The exact mechanism that is at the base of photosensitization is not yet fully clarified, but it is known that alterations on DNA and immunologic phenomena induced by radiation contribute specifically to the pathogenesis of some diseases such as lupus erythematosus. Some exogenous drug and chemicals can induce photosensitivity, already specified in the previous table.

5 - TREATMENT

Management of photosensitivity involves sun protection and treatment of the underlying disorder oriented by your doctor, who diagnoses the specific type of photosensitivity by taking a careful history, examining the skin and performing specific tests.

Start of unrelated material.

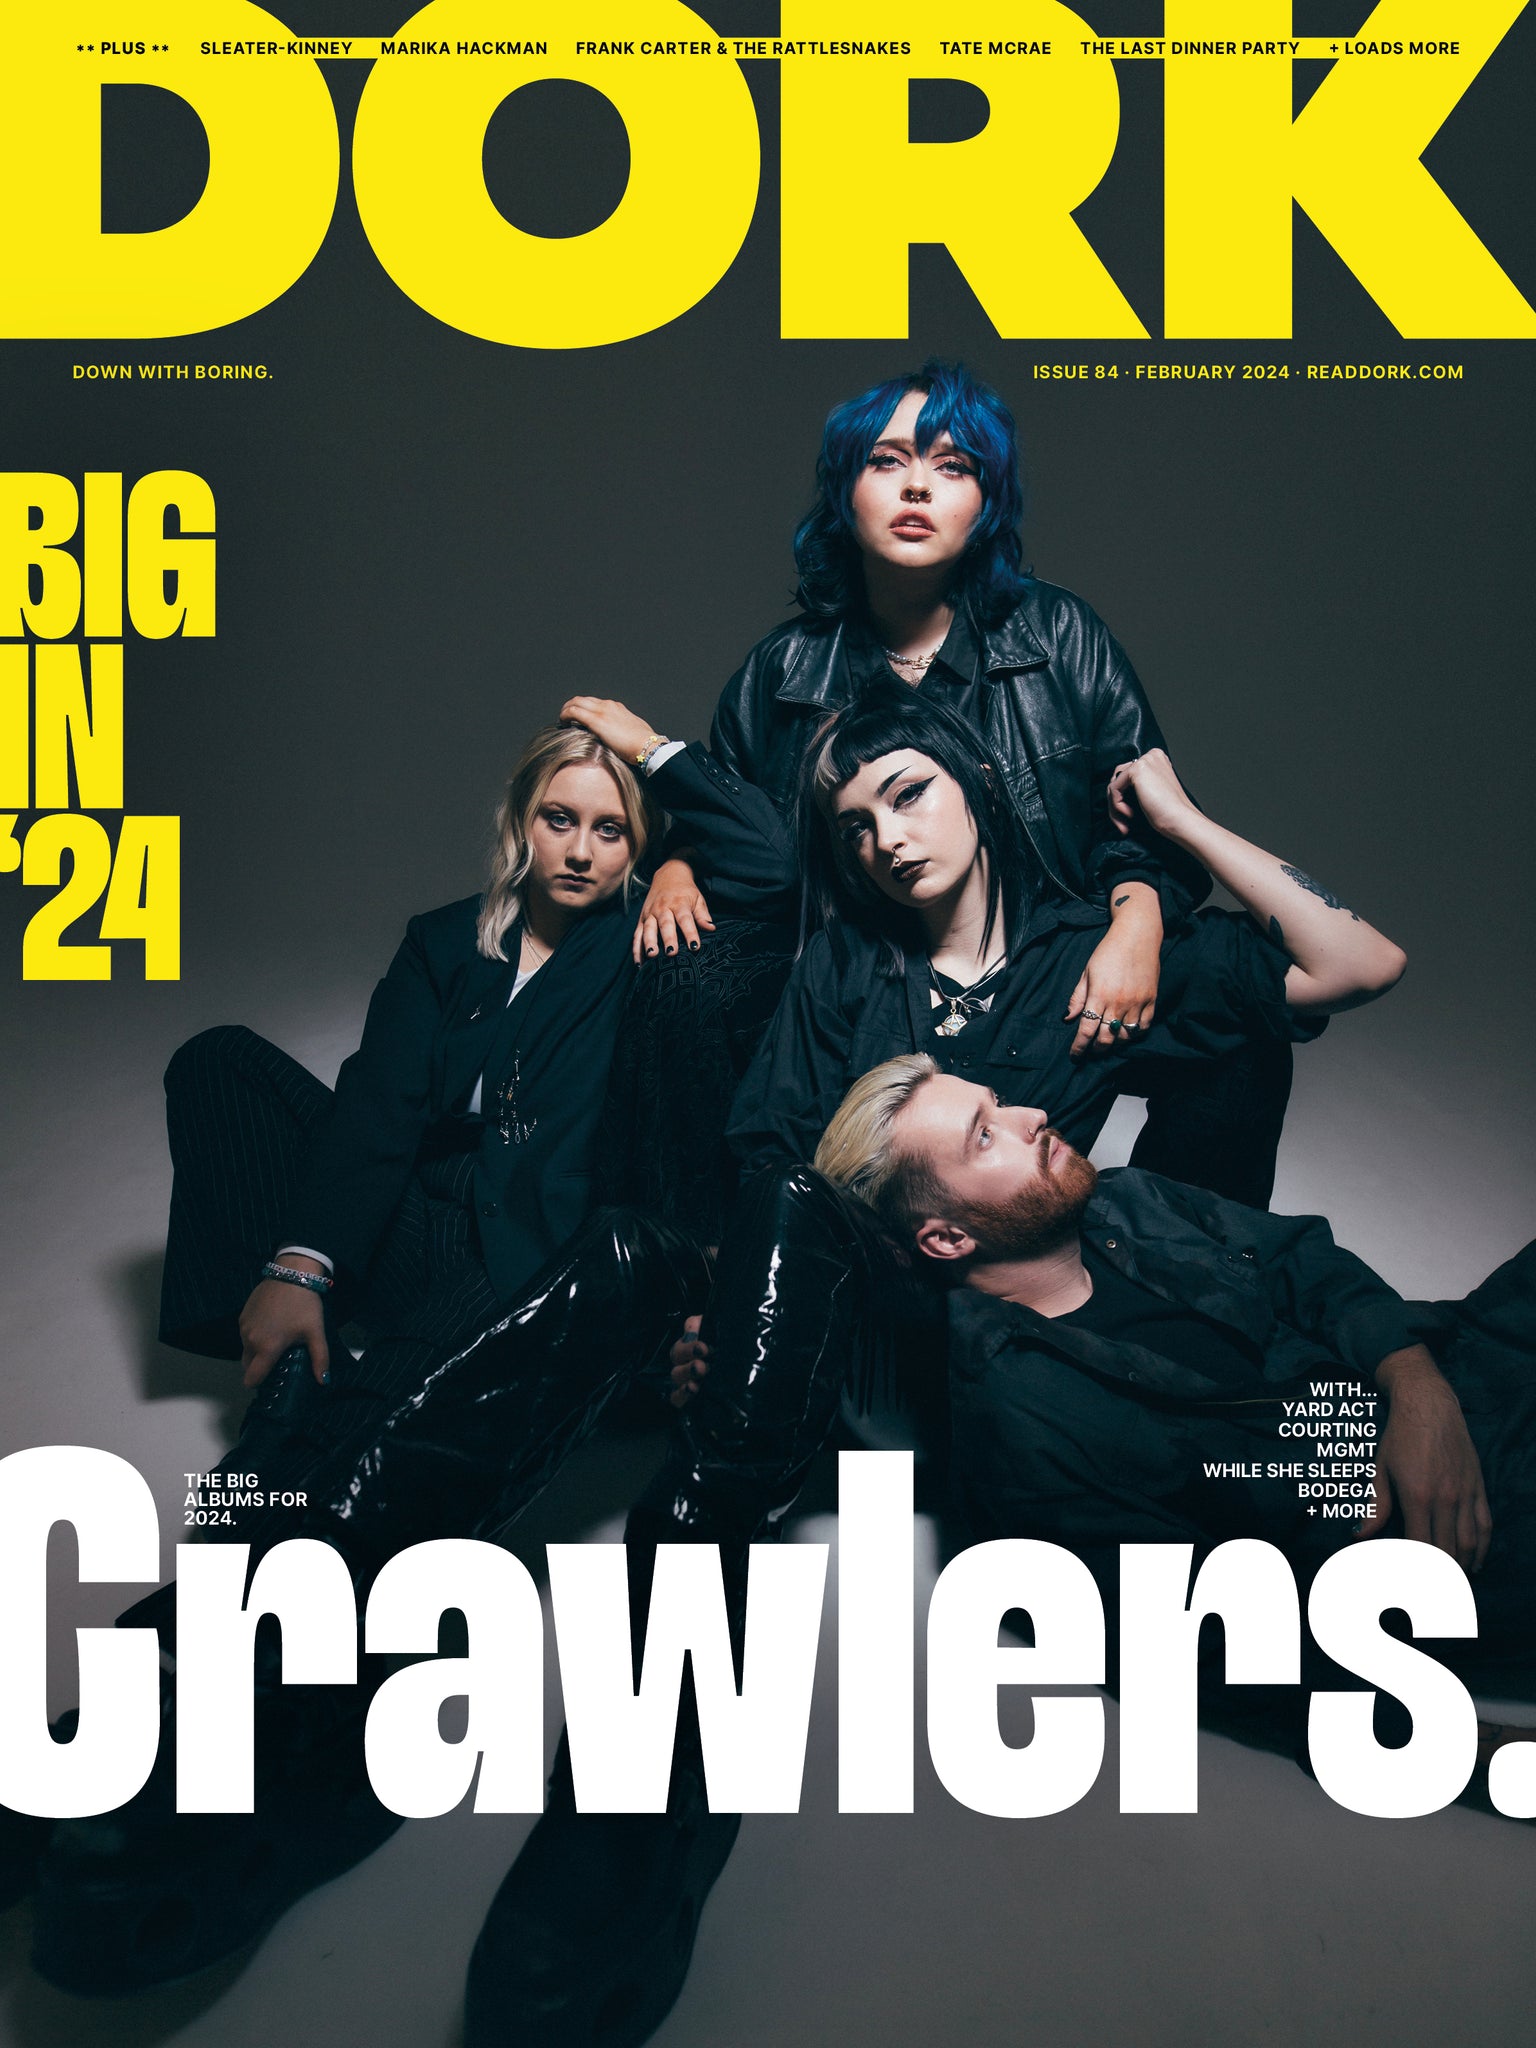 Dork, February 2024 (Crawlers cover)

Mainly, photosensitivity reactions are prevented by careful protection from sun exposure and avoidance of exposure to artificial sources of UVR. Use of websites and smartphone apps that indicate local ultraviolet levels are helpful to understand when protection is most essential.

6 - TIPS FOR MANAGING

Management of photodermatoses involves sun protection and treatment of the underlying disorder, according to the specific cause, with systemic medication, topical medication, phototherapy, and others. For instance, cutaneous lupus erythematosus must be primarily controlled with appropriate systemic and/or topical drugs prescribed by your doctor. In photodermatoses induced by exogenous drugs, the suspected drug must be stopped or replaced immediately. For all groups of photodermatoses, sun protection is one of the essential parts of management and involves (according the grade of severity of the diseases).

 

  • Avoiding exposure to direct sunlight;
  • Staying indoors and away from windows, and seeking shade when outdoors;
  • Dressing up in covering clothing and wearing a wide-brimmed hat when outdoors. Some clothing is labeled with ultraviolet protection factor (UPF). Best protection from clothing is obtained from thick, dry and dark colored polyester, denim or wool;
  • Broad-spectrum sunscreen SPF 50 or higher, covering all exposed skin. Sunscreen should protect from UVB and UVA and be water resistant. It should be applied generously and reapplied every two hours while outdoors;
  • Choose gray-tinted laminated glass for automobile;
  • Apply photoprotective UV films to windows at home, school work, and vehicles;
  • Take vitamin D supplements;
  • Have regular skin checks to locate and treat skin cancers early.